### The task
Copy the listing that follows exactly. Its pictures do not belong in the copy.

### Data section
· · · · · · ·
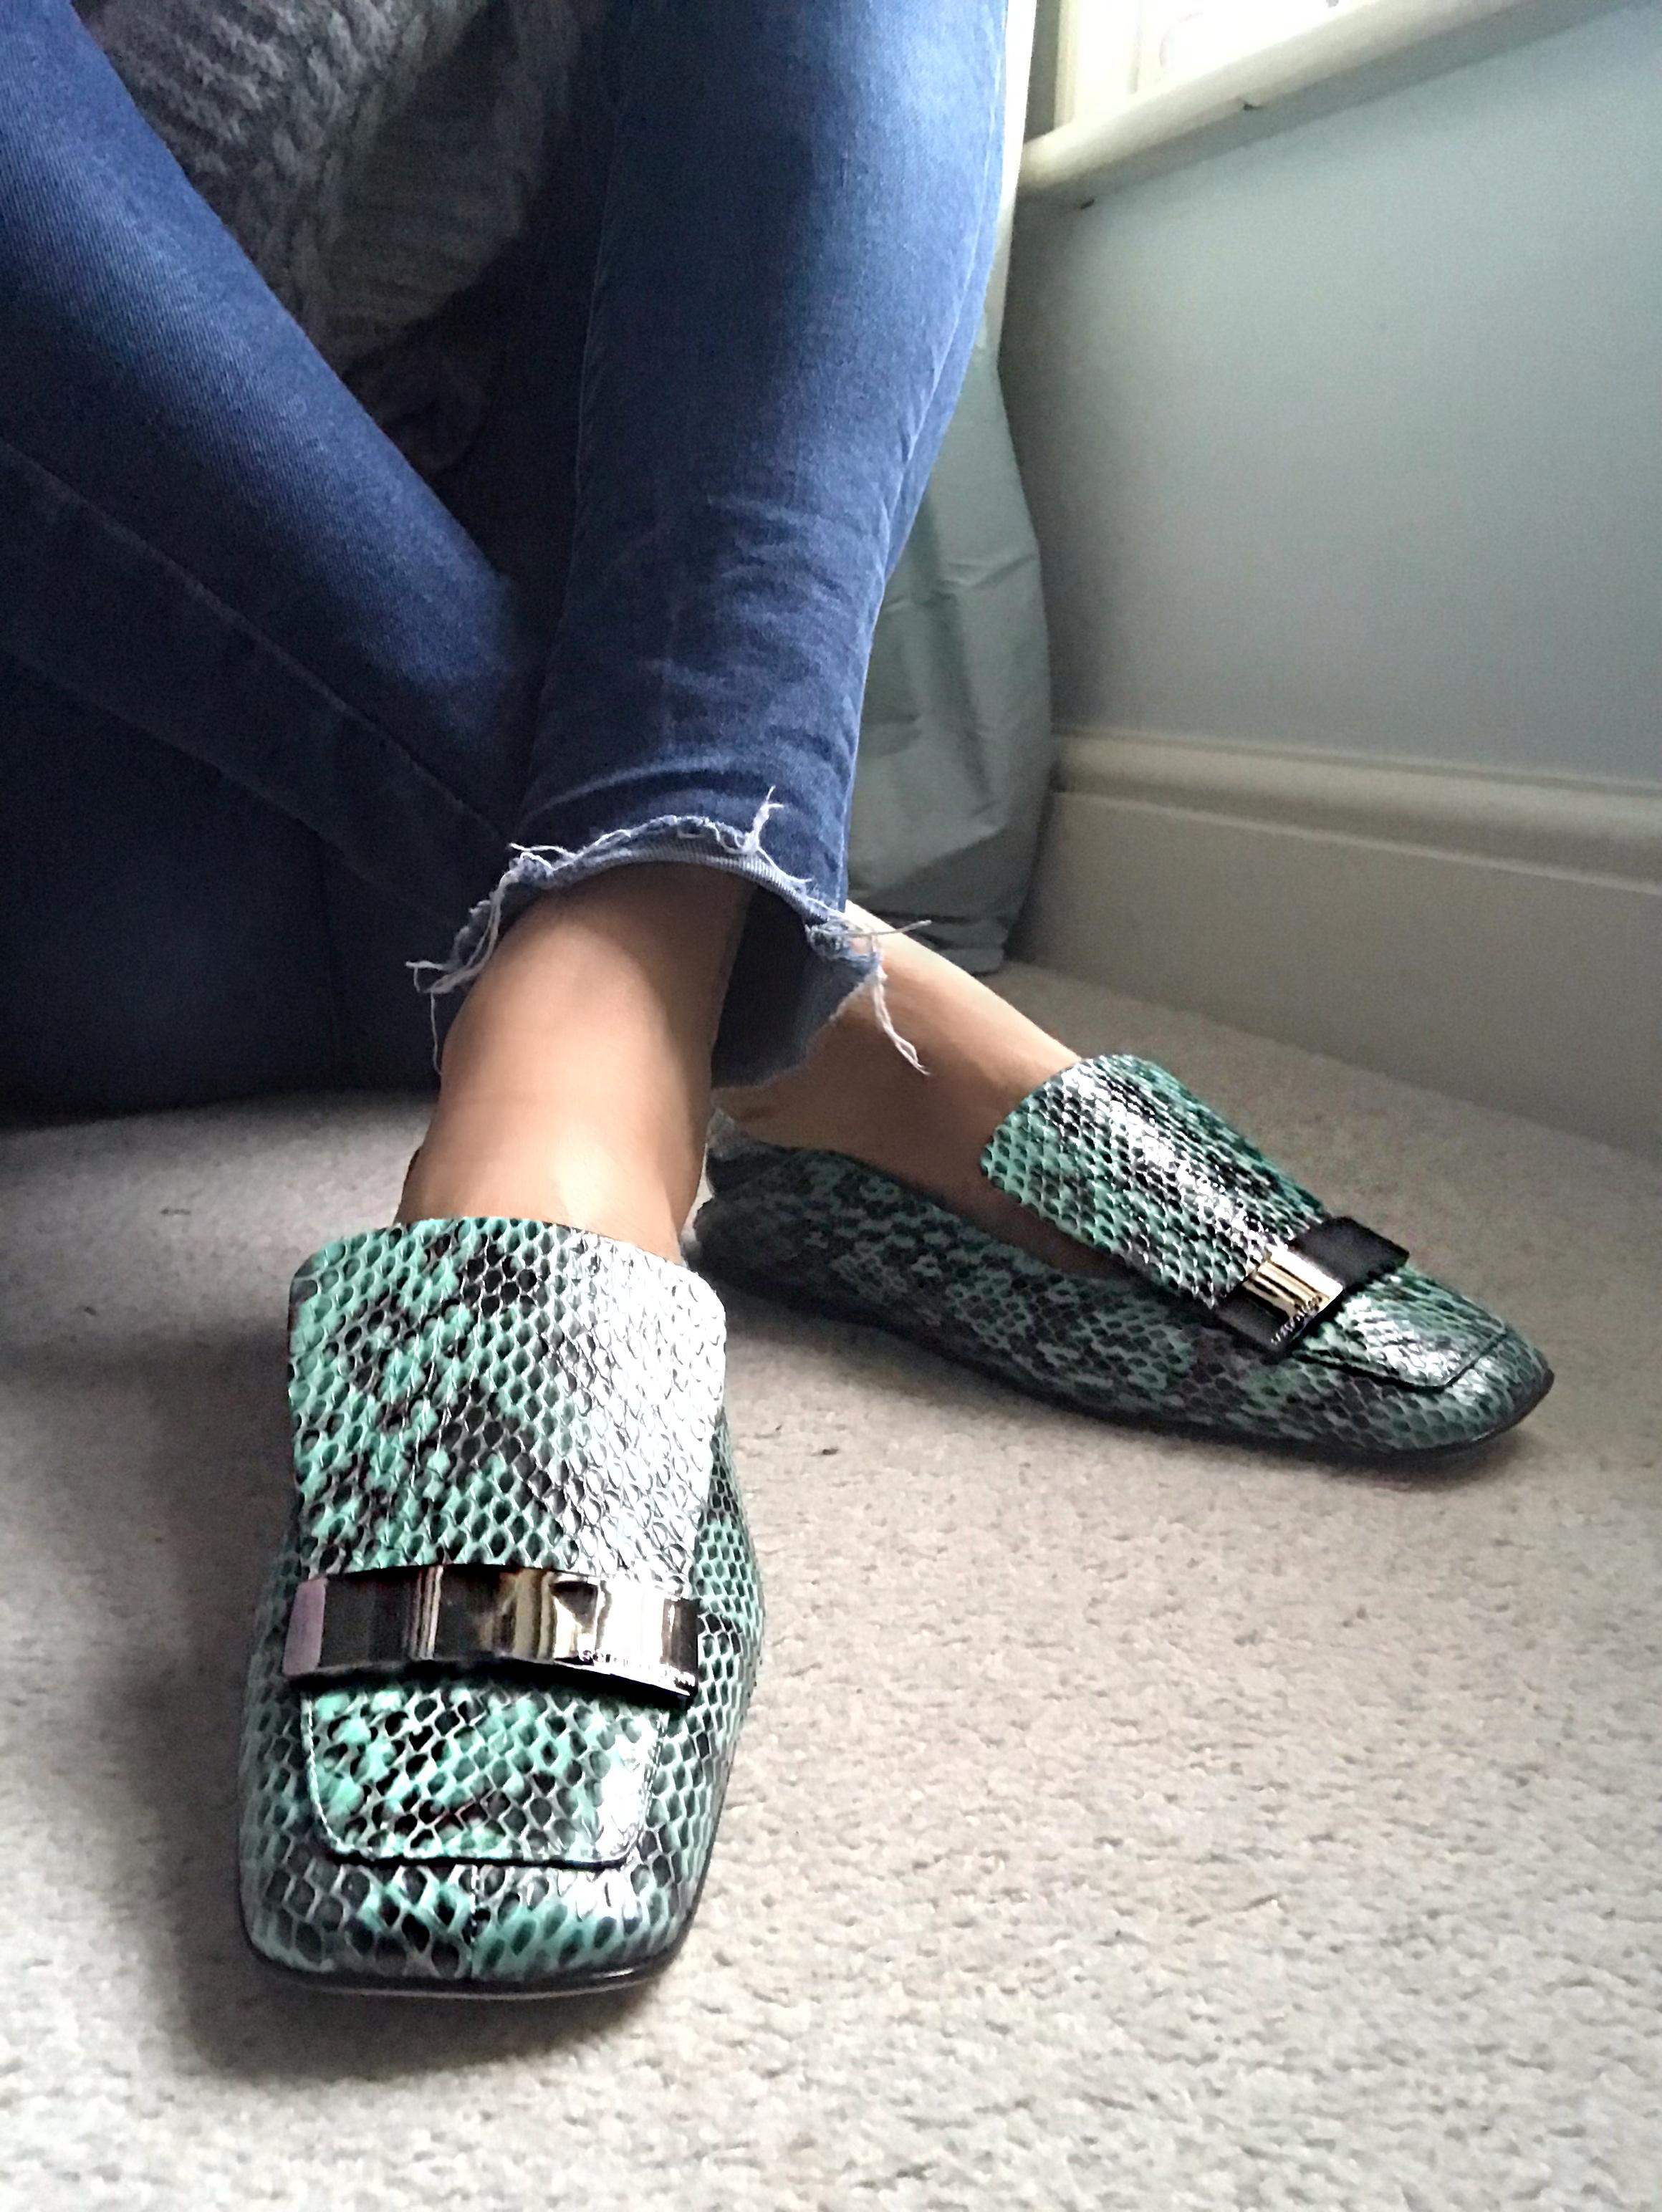 sergio my shoes.jpg
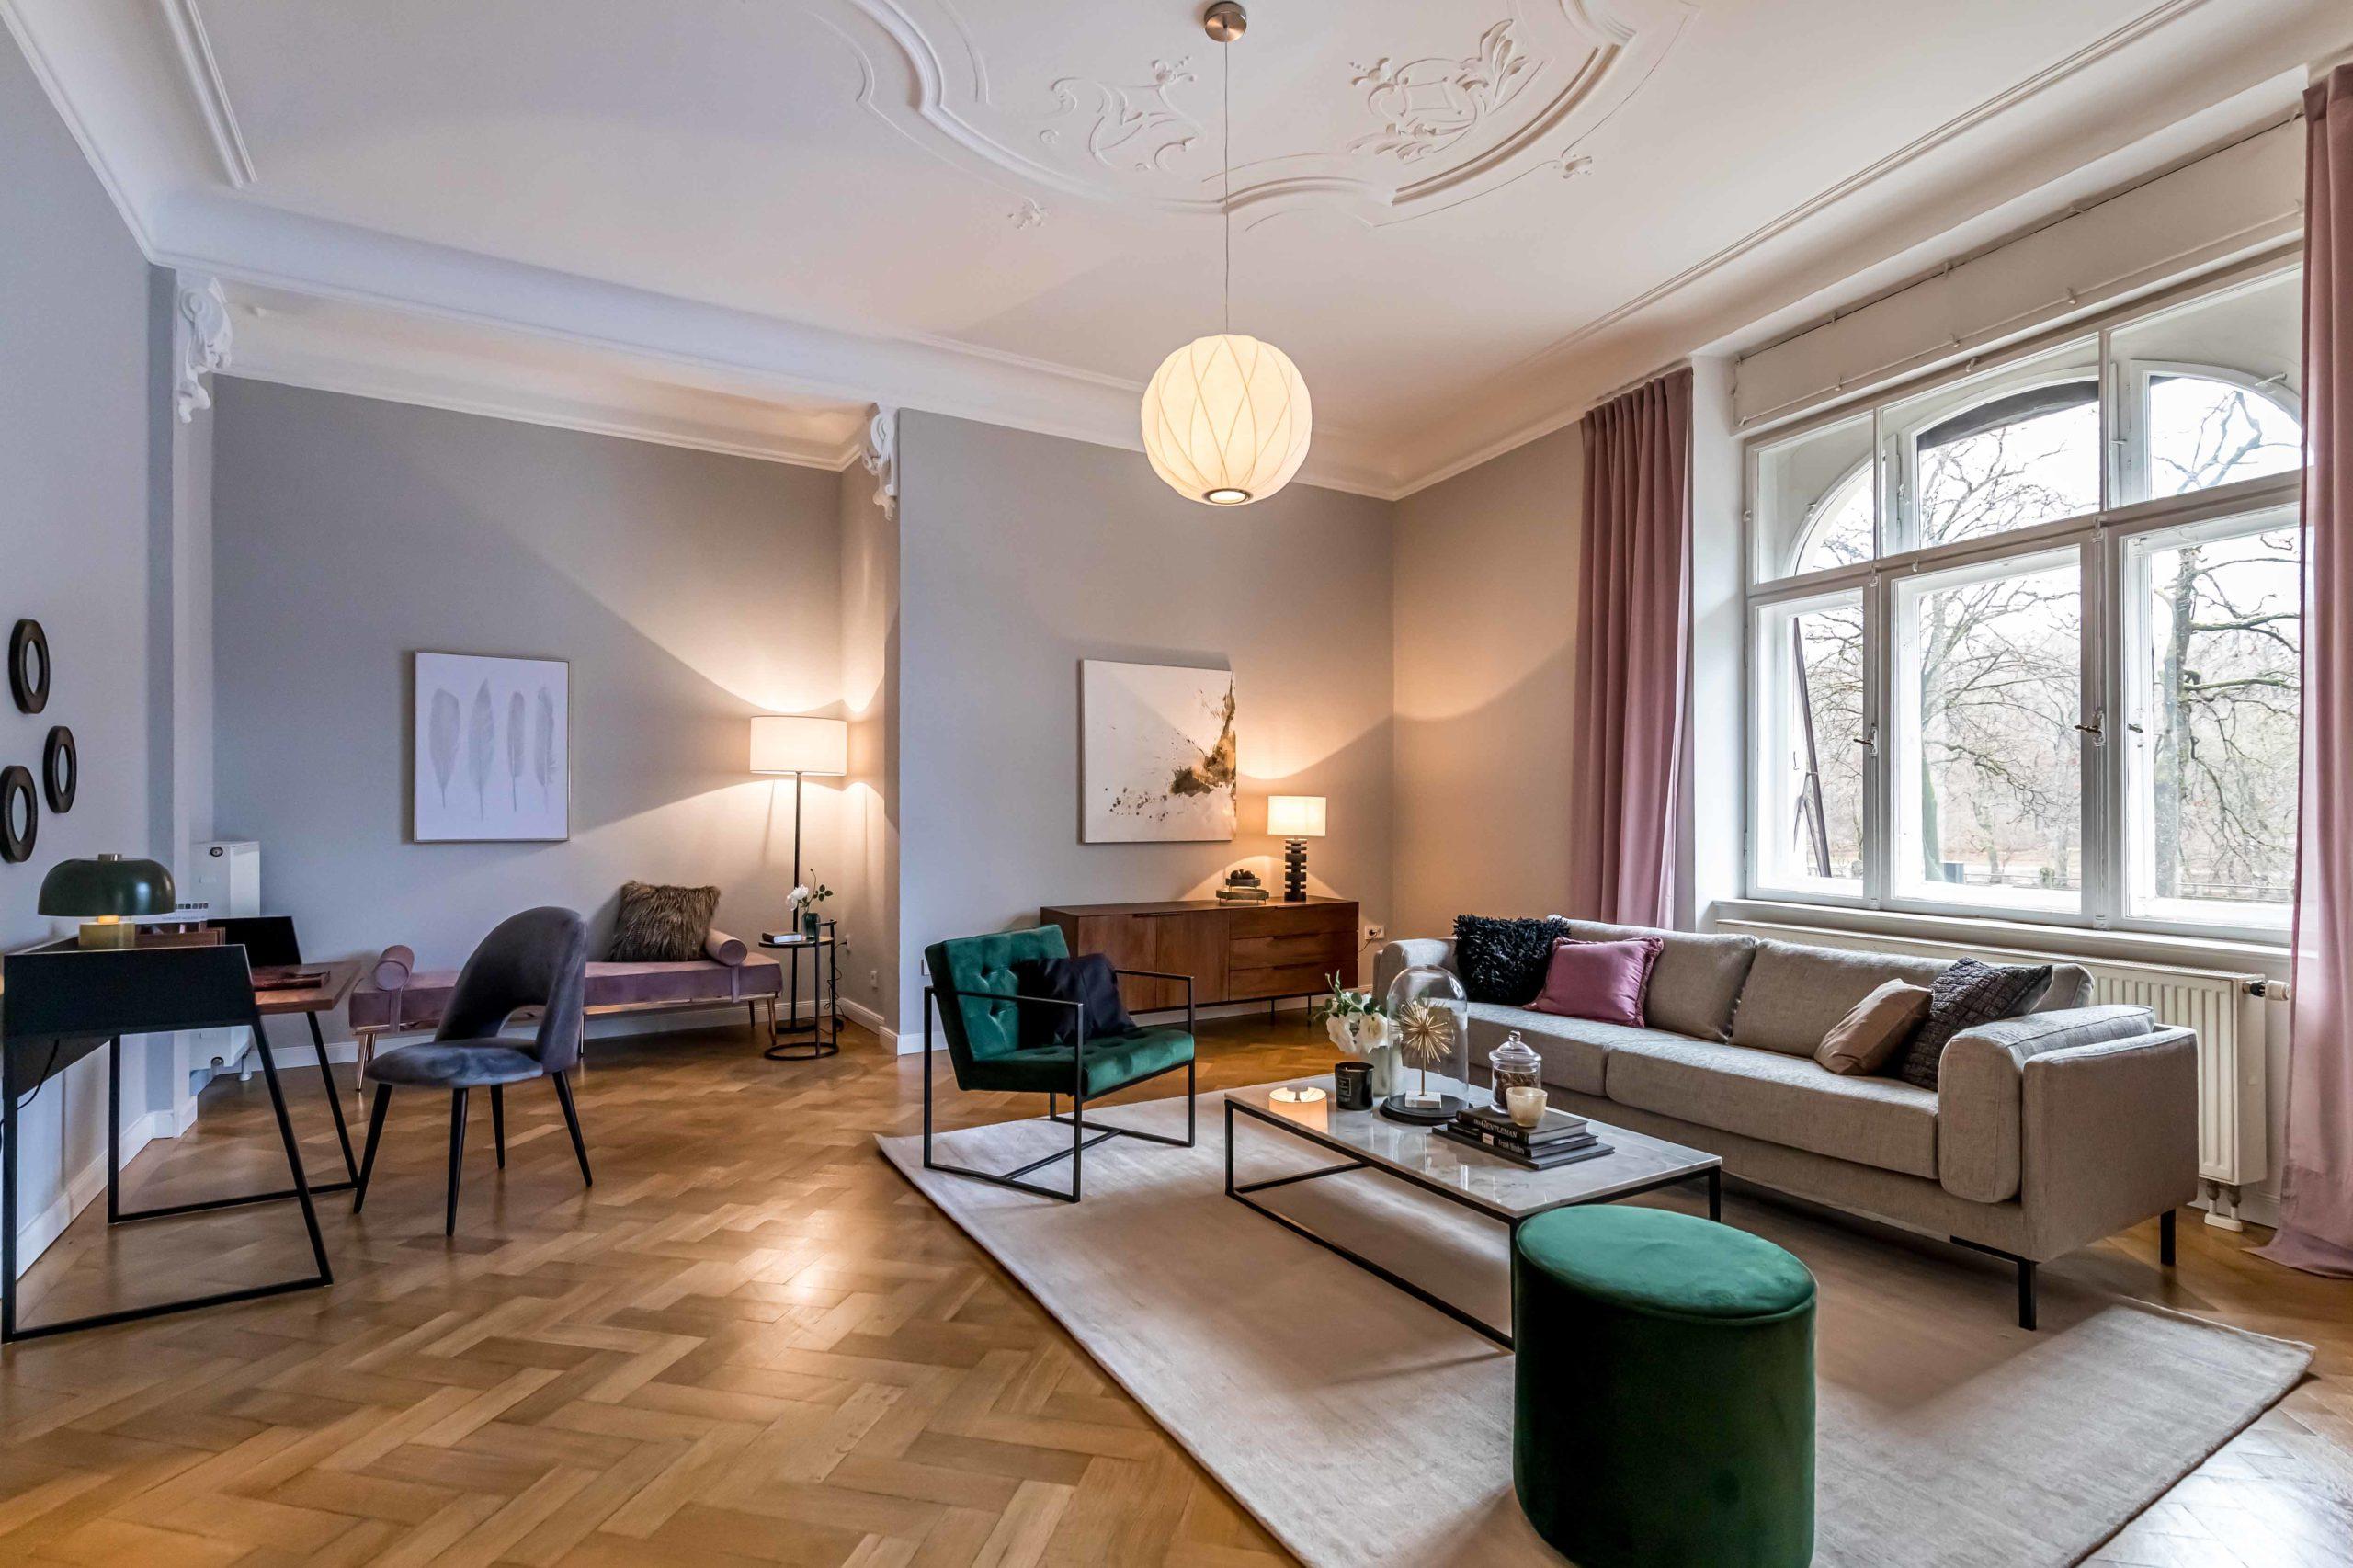 Immobilienfotografie München-anja-richter-fotografie ETW Widenmayerstr. 8 EG-23
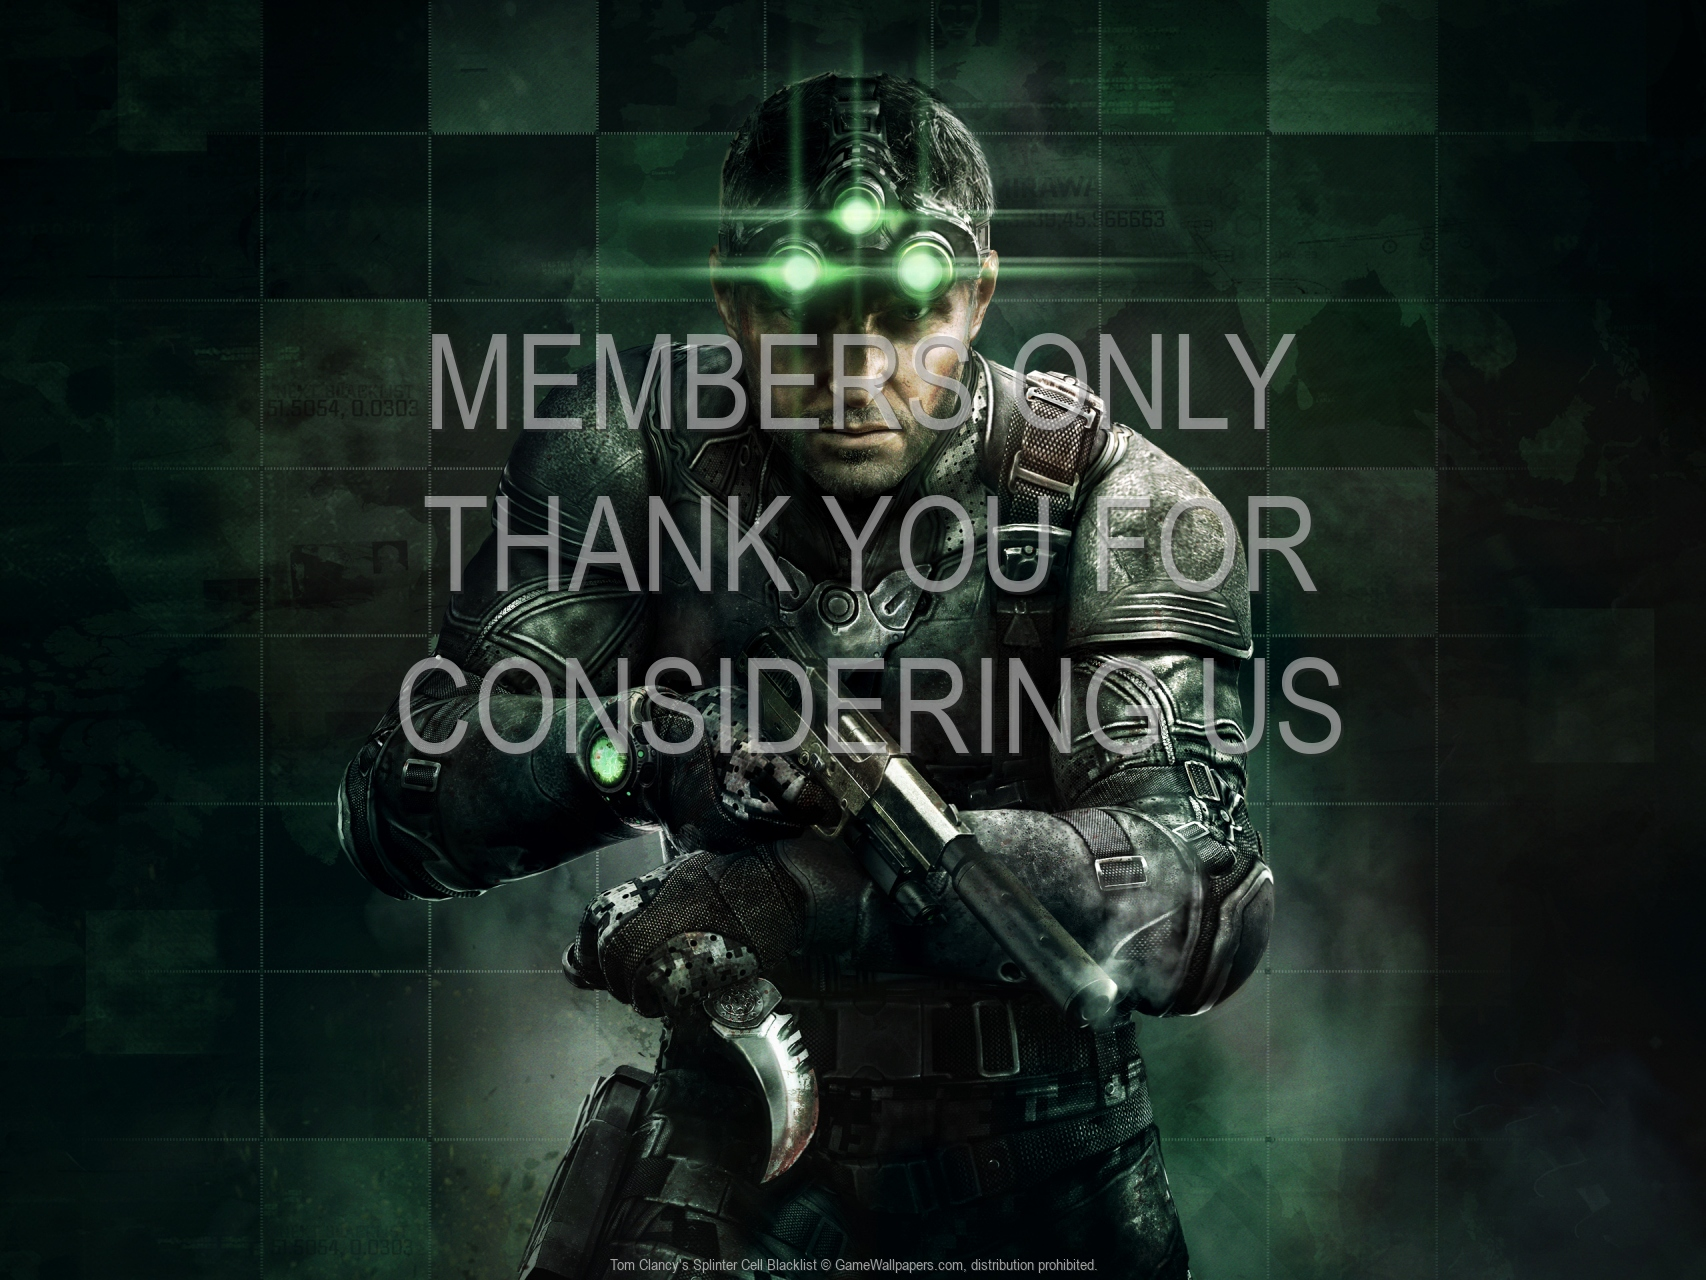 Tom Clancy's Splinter Cell: Blacklist 1920x1080 Handy Hintergrundbild 04
· · · · · · ·
### Solution
 sergio my shoes.jpg
 Immobilienfotografie München-anja-richter-fotografie ETW Widenmayerstr. 8 EG-23
 Tom Clancy's Splinter Cell: Blacklist 1920x1080 Handy Hintergrundbild 04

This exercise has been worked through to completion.